Pearson’s correlation coefficient is a very popular measure of prediction performance in plant breeding and can be calculated as

$$ {r}_{\mathrm{TST}}=\frac{\sum_{i=n+1}^{n+T}\left(\hat{f}\left({x}_i\right)-\overline{\hat{f}\left({x}_i\right)}\right)\left({y}_i-{\overline{y}}_i\right)}{\sqrt{\sum_{i=n+1}^{n+T}{\left(\hat{f}\left({x}_i\right)-\overline{\hat{f}\left({x}_i\right)}\right)}^2}\sqrt{\sum_{i=n+1}^{n+T}{\left({y}_i-{\overline{y}}_i\right)}^2}}, $$

(4.2)

where \( \overline{\hat{f}\left({x}_i\right)} \) is the average of the T predictions that conform to the testing set, and \( {\overline{y}}_i \) is the average of the T true observed values. In this case, the closer that the predictions are to 1, the better the implemented statistical machine learning model will perform. It is important to point out that Pearson’s correlation is defined between −1 and 1. However, to be convinced that the observed and predicted values match, it is a common practice to perform a scatter plot of predicted versus observed (or vice versa) values and when the observed and predicted values follow a straight line (45° diagonal line) from the bottom left corner to the top right corner, this indicates a perfect match between the observed and predicted values. For this reason, Pearson’s correlation as a metric should be complemented with the intercept and slope, since the slope and intercept describe the consistency and the model bias, respectively (Smith and Rose 1995; Mesple et al. 1996). To obtain the slope and intercept, the observed values (as y) versus the predicted values (as x) are regressed and in addition to Pearson’s correlation, these values should also be reported (slope and intercept). The expected intercept should be zero and the slope 1, if the correlation obtained between the observed and predicted values is high. It is important to avoid carrying out the regression in the opposite way, i.e., using predicted values as y’s, and observed values as x’s, since this leads to incorrect estimates of the slope and the y-intercept. This denotes that a spurious effect is added to the regression parameters when regressing predicted versus observed values and comparing them against the 1:1 line. The user should also remember that underestimation of the slope and overestimation of the y-intercept increase as Pearson’s correlation values decrease. We strongly recommend that scientists evaluate their models by regressing observed versus predicted values and test the significance of slope = 1 and intercept = 0 (Piñeiro et al. 2008). Finally, it is important to recall that the square of Pearson’s correlation can also be used as a metric for measuring prediction performance since it represents the proportion of the total variance explained by the regression model and is called the coefficient of determination denoted as R².

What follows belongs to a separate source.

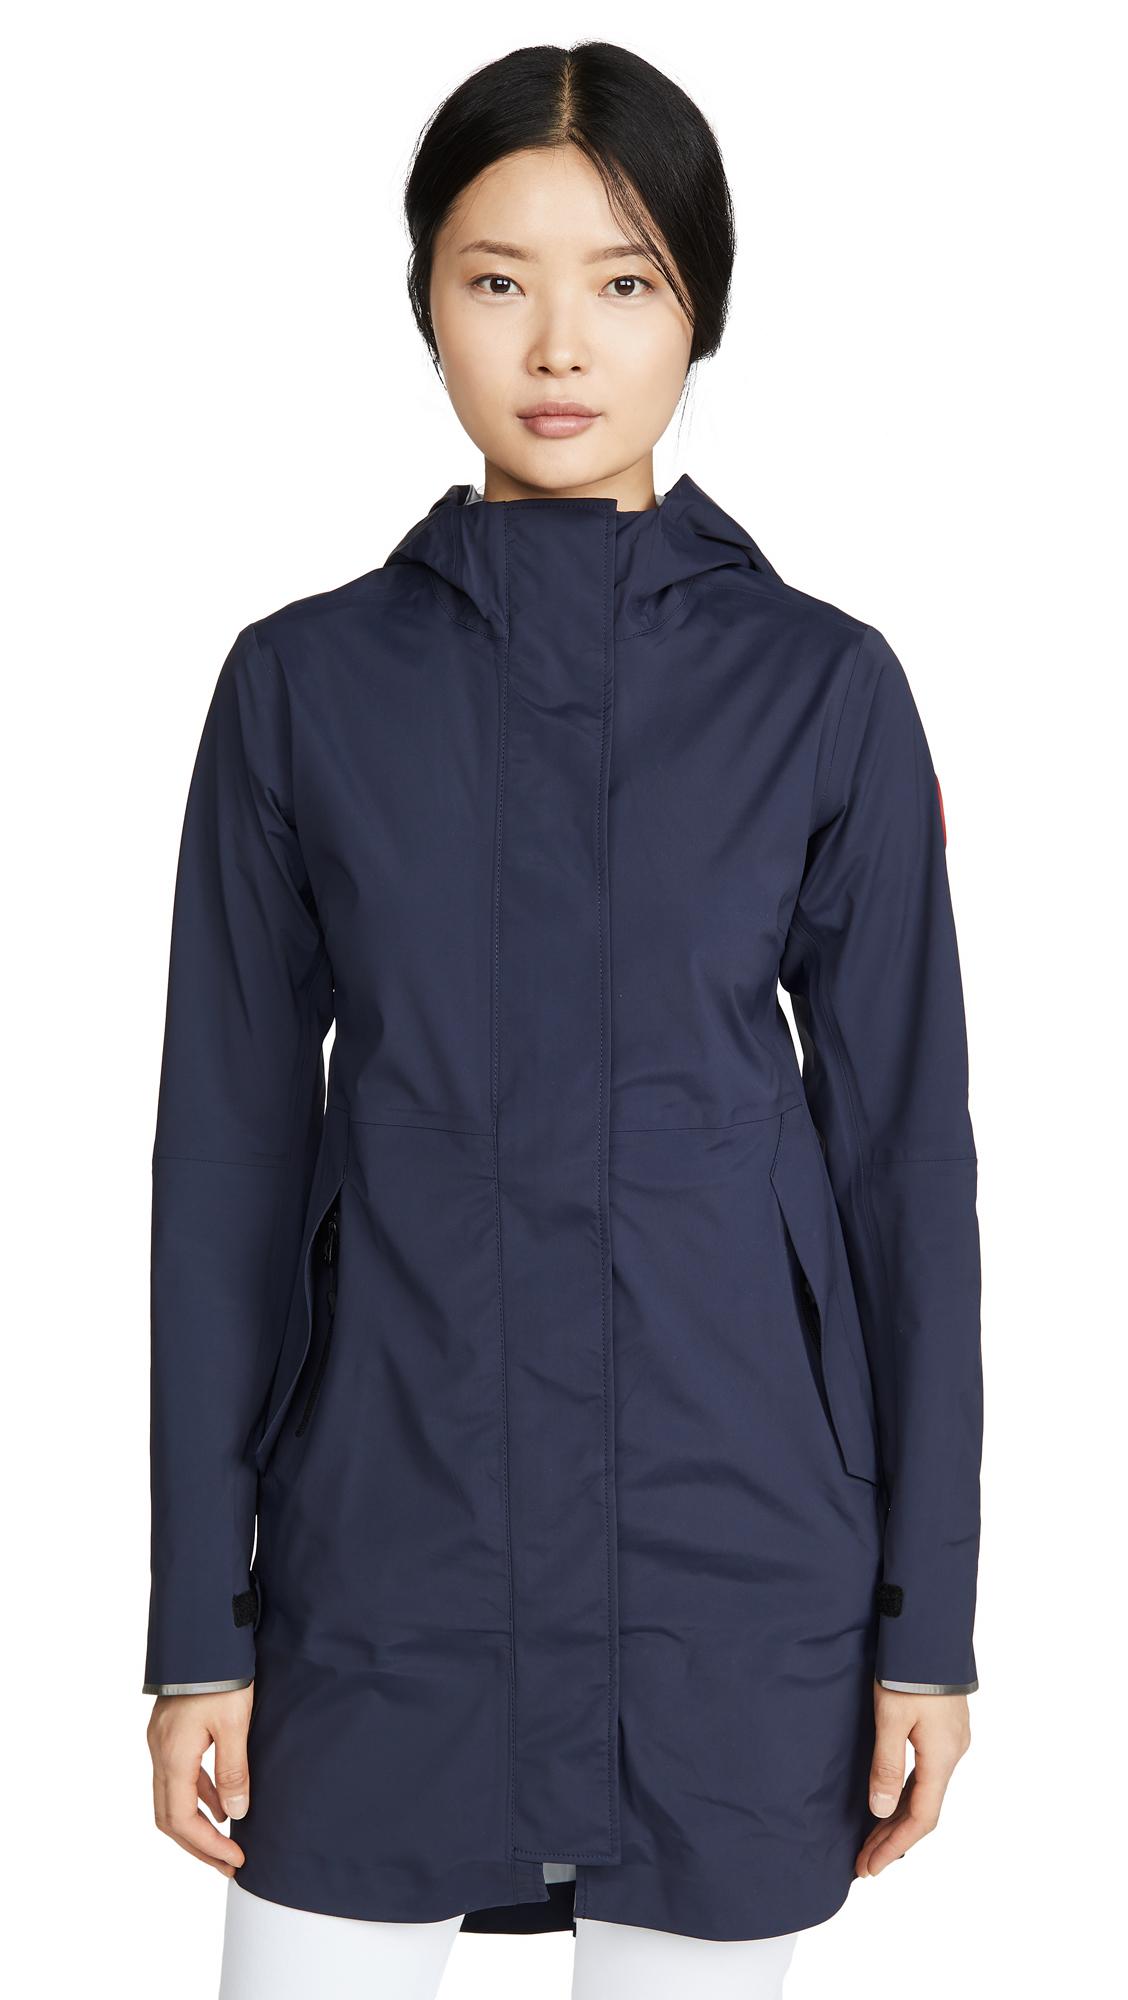 Buy Canada Goose Salida Jacket online beautiful Canada Goose Jackets, Coats, Trench Coats

Next, we present the mean absolute error (MAE) metric that measures the difference between two continuous variables (observed and predicted). The MAE can be calculated with the following expression:

$$ {\mathrm{MAE}}_{\mathrm{TST}}=\frac{1}{T}\sum \limits_{i=n+1}^{n+T}\left|{y}_i-\hat{f}\left({x}_i\right)\right| $$

(4.3)

Below we present another metric used to evaluate the prediction performance of any statistical machine learning model; it was proposed by Kim and Kim (2016) and is called mean arctangent absolute percentage error (MAAPE) that is calculated as follows:

$$ {\mathrm{MAAPE}}_{\mathrm{TST}}=\frac{\sum_{i=n+1}^{n+T}\arctan \left(\left|\frac{y_i-\hat{f}\left({x}_i\right)}{y_i}\right|\right)}{T} $$

(4.4)

Although MAAPE is finite when the response variable (i.e., y_i = 0) equals zero, since it has a satisfactory trigonometric representation. However, because MAAPE’s value is expressed in radians, it is less intuitive, in addition to being scale-free. This metric is a modification of the mean absolute percentage error (MAPE) which is problematic because it is undefined when the response variable is equal to zero (y_i = 0). MAAPE is also asymmetric since division by zero is defined and is not a problem. It is important to point out that there are other metrics for measuring prediction accuracy for continuous data, but we only presented the most popular ones.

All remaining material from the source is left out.